BlogHer: My take on why the A-list matters

By Charlene Li

I came to network. I came to learn. And I came away inspired. Within the first few minutes of the start of BlogHer, I was moved to tears. As a woman (make that Asian-American woman) in the technology field, it’s rare that I have a chance to meet and connect with people like me -- I’m often one of a handful of women at technology conferences and frequently the only woman on a panel. So it was thrilling to see and then proceed to meet so many women who share the same passion that I have for blogging.

Hally Suitt and I had a good debate about the question of whether we should be “playing by the rules of the game, or to change the game”. Or in other words, should we care that so few women show up on “A-lists” like the i? For the record, I do think it’s important (you can also read Hally’s reasons for why we shouldn’t give a hoot – all very well thought out.) Here are my reasons on why it’s important to understand and to play by the rules:

- The A-Lists will always skew toward the Establishment.
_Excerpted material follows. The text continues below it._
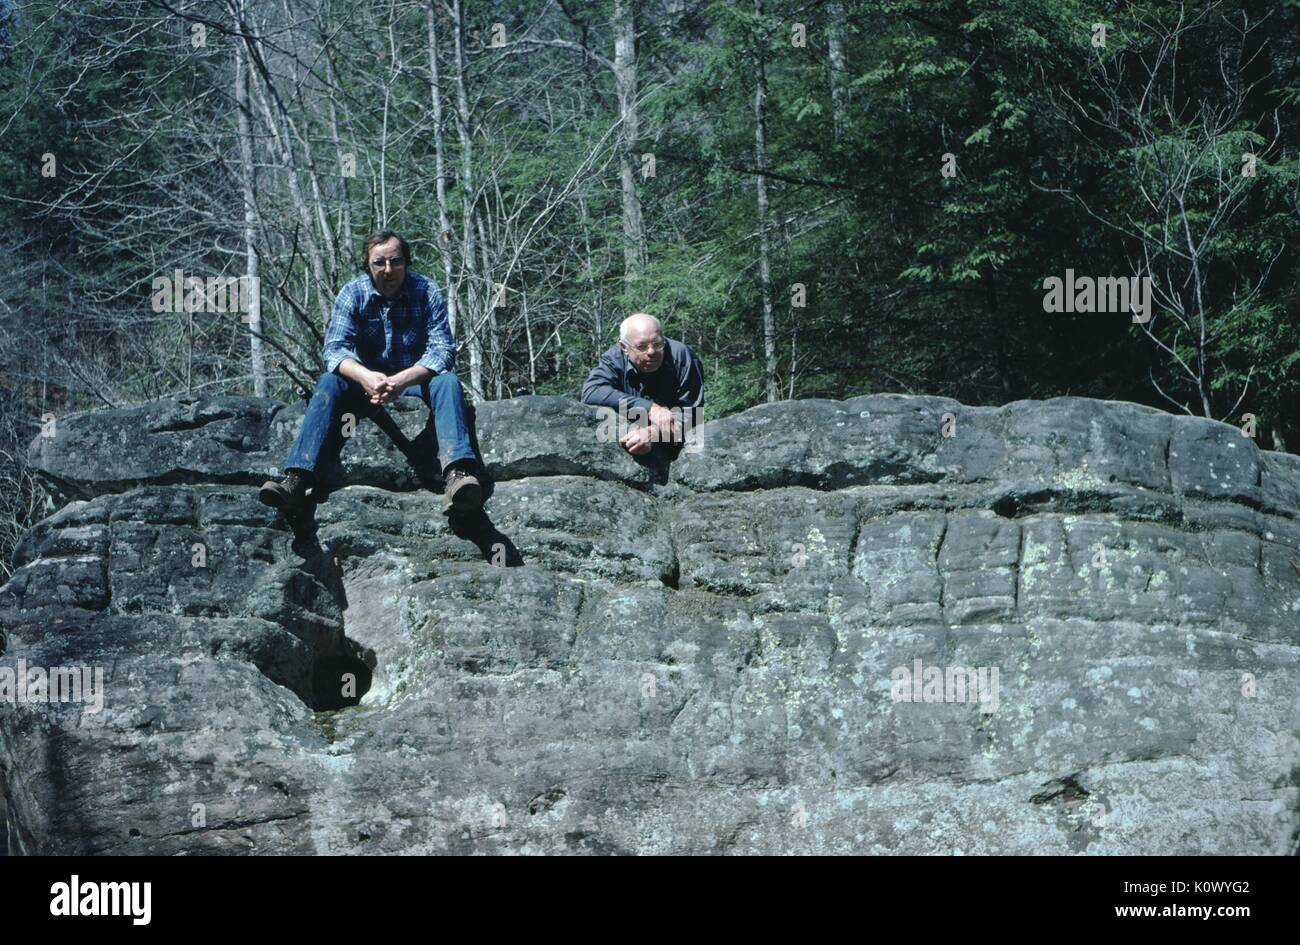 Deux hommes dans les bois, sur le bord d'un affleurement rocheux, un homme assis sur les rochers, les jambes suspendues sur le bord et ses mains croisées, l'autre penché sur les rochers, du grain rôti Creek, Kentucky, 1975. Crédit photo Smith Collection/Gado/Getty Images. Banque D'Images

And when I say lists, it’s not just the Technorati 100 – it’s the list of sites that appear when you do a keyword search. The rules are basically the same – you’ll appear higher on the list if you have more links. And you’re more likely to have more links if you already appear on the top of those lists (for more information on this “power law distribution”, see Clay Shirky’s excellent essay on how it affects the blogospher). So to a great extent, you can’t change the rules – and if it’s important for you to be on the list (you’re trying to get ad dollars, spread influence, etc), then you’ll have to play by the rules.

- People pay attention to the lists. Take a look at the recent speaker list at AlwaysOn, a top technology conference just before BlogHer – Lisa Stone, one of the organizers of BlogHer, analyzed how many of them are women – as you can expect, there weren’t many. Now, granted, there are few women in technology to start, and the conference organizers shouldn’t be putting people on the speaker list just because they are women. But guess where speaker lists are drawn from – yup, you got it, the A-list of topic XYZ. Guess where journalists are turning for story ideas and quotes – the A-lists.

- The “Rules” are consistent with good blogging. What are the rules? 1) You have to network. This isn’t necessarily going out and asking for links – it’s understanding who is important in your space and developing relationships with them. 2) Be relevant; and 3) Be unique. Hey, maybe that’s why the top blogs in their spaces are the top blogs! I’m not advocating anything radical here, just stating the obvious that if it’s important to you as a blogger to be at the top of you’re A-list, then you have to write a good blog that people read and link to.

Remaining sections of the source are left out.